Judging by the recent ad seeking her successor, Lululemon CEO Christine Day had a tough job even before the infamous see-through yoga pants incident in March. According to the listing, which was posted to the company’s website on Friday, the next CEO of the $1.37 billion apparel chain must be able to hold a headstand for at least 10 minutes, have both Bill Clinton and Oprah Winfrey on speed dial, be fluent in Sanskrit, and look good in the Mansy—Lululemon’s high-riding leotard.
Just kidding! Perhaps in an effort to make light of the company’s recent spate of bad news — including the $67 million recall of the Luon pants and the June 10 announcement of Day’s resignation — the company posted the fake ad, which it also promoted on Facebook.

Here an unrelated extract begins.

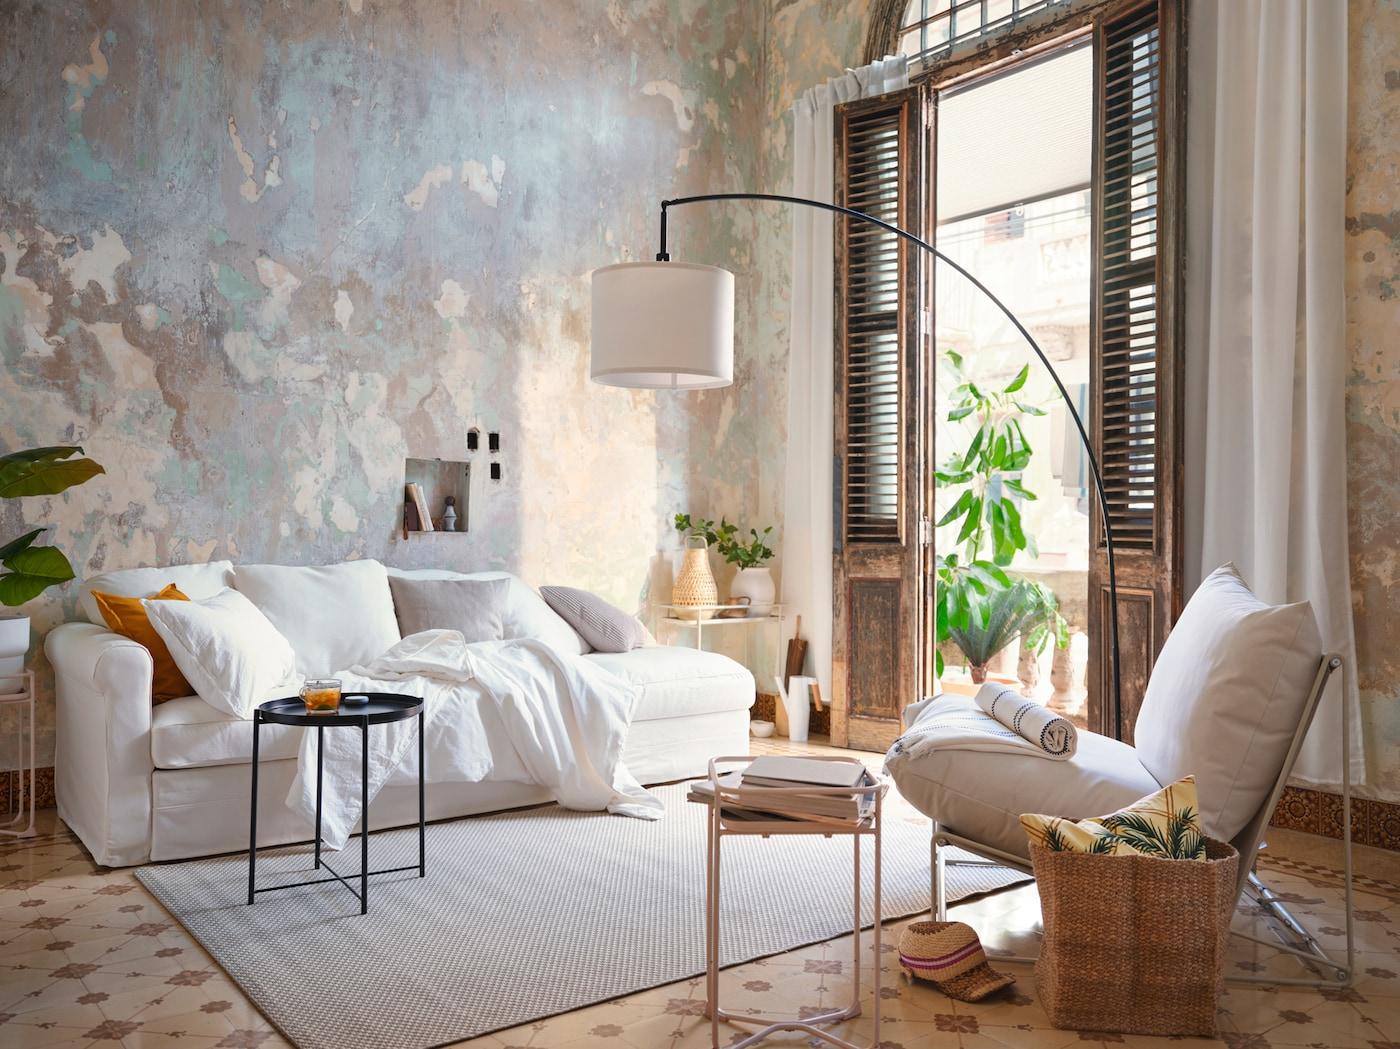 Divano bianco in un ambiente nei toni del grigio-beige con vari cuscini, un tavolino nero e una poltrona bianca - IKEA
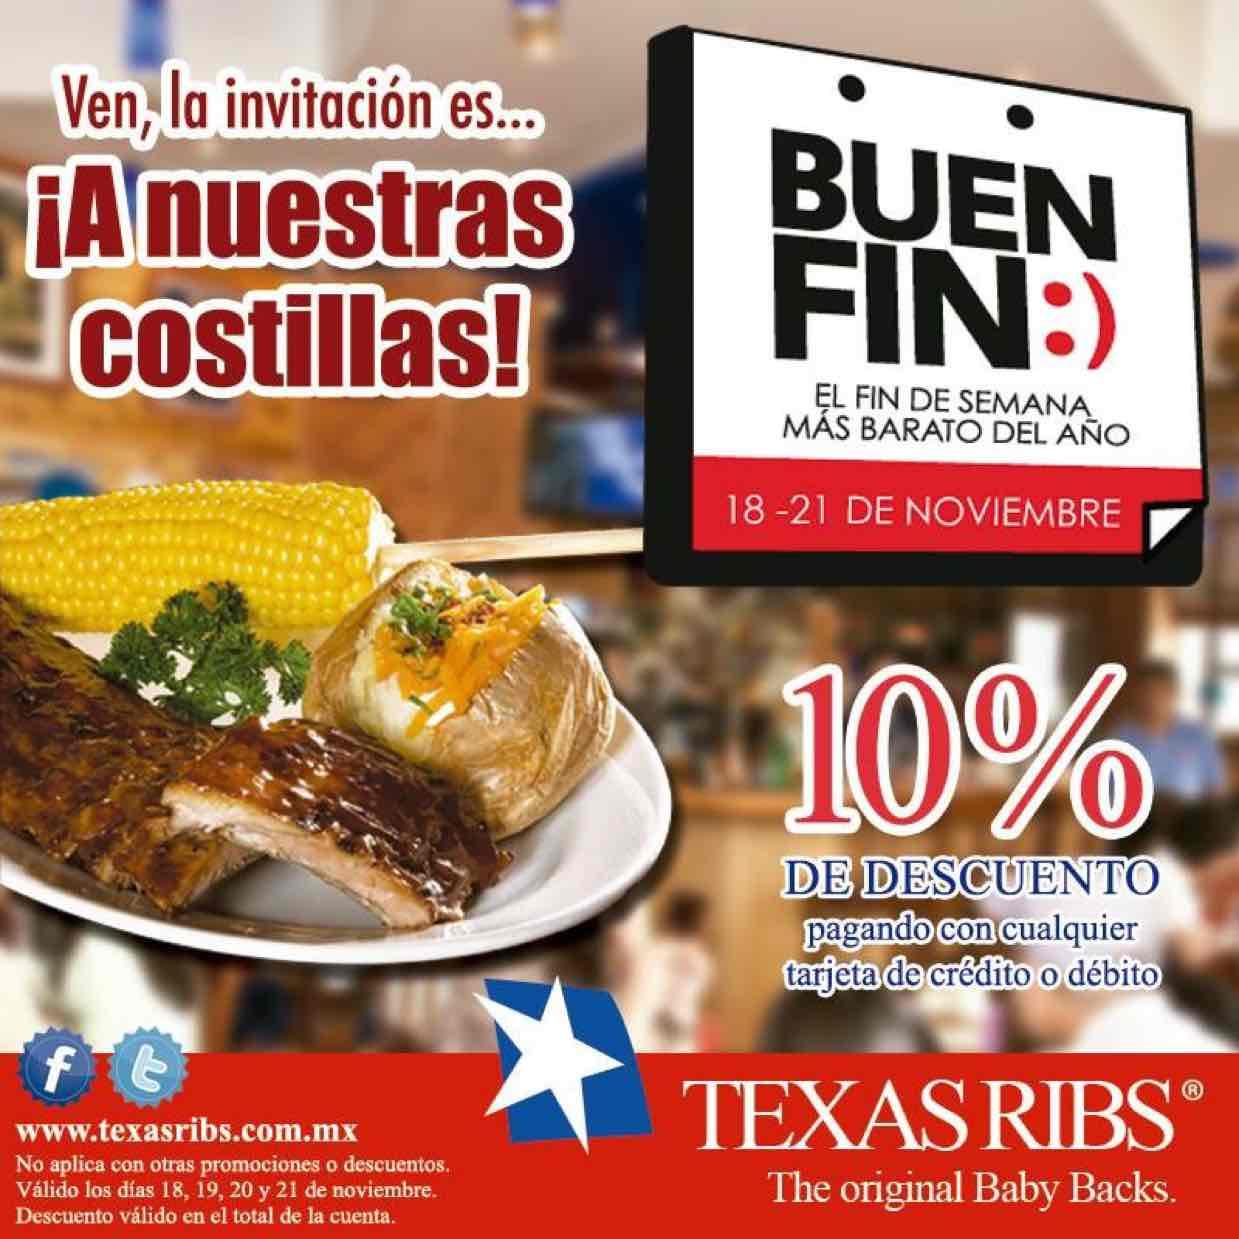 Promociones del Buen Fin 2016: Texas Ribs

Over 160 people had applied for the job before the company removed the post on Monday, according to CNN Money.
The job description goes on to make several yoga-based inside jokes:
-Your go-to party trick is your dead-on impression of the yogi in “Sh*T Yogis Say”-You voted for Pedro-You actively live and breathe the lululemon culture – on Friday afternoons you hit up wheatgrass and tequila shots (it’s called work/life balance)-You use your third eye to channel innovation-Your lineage is directly related to Phidippides
Despite the absurd requirements, candidates may have been intrigued by the job’s biggest perk: “You report to no one, you are the CEO (duh)” — which, come to think of it, is also a joke since CEOs of publicly-held companies are always beholden to shareholders, not to mention their board of directors.
According to a Lululemon spokesperson, the company pulled the “CEO Wanted” prank to demonstrate that it has “always been a fun and irreverent brand.” Whether the PR stunt will boost the brand’s sales has yet to be seen. Shares of Lululemon are down nearly 19% since Day announced that she was resigning on June 10.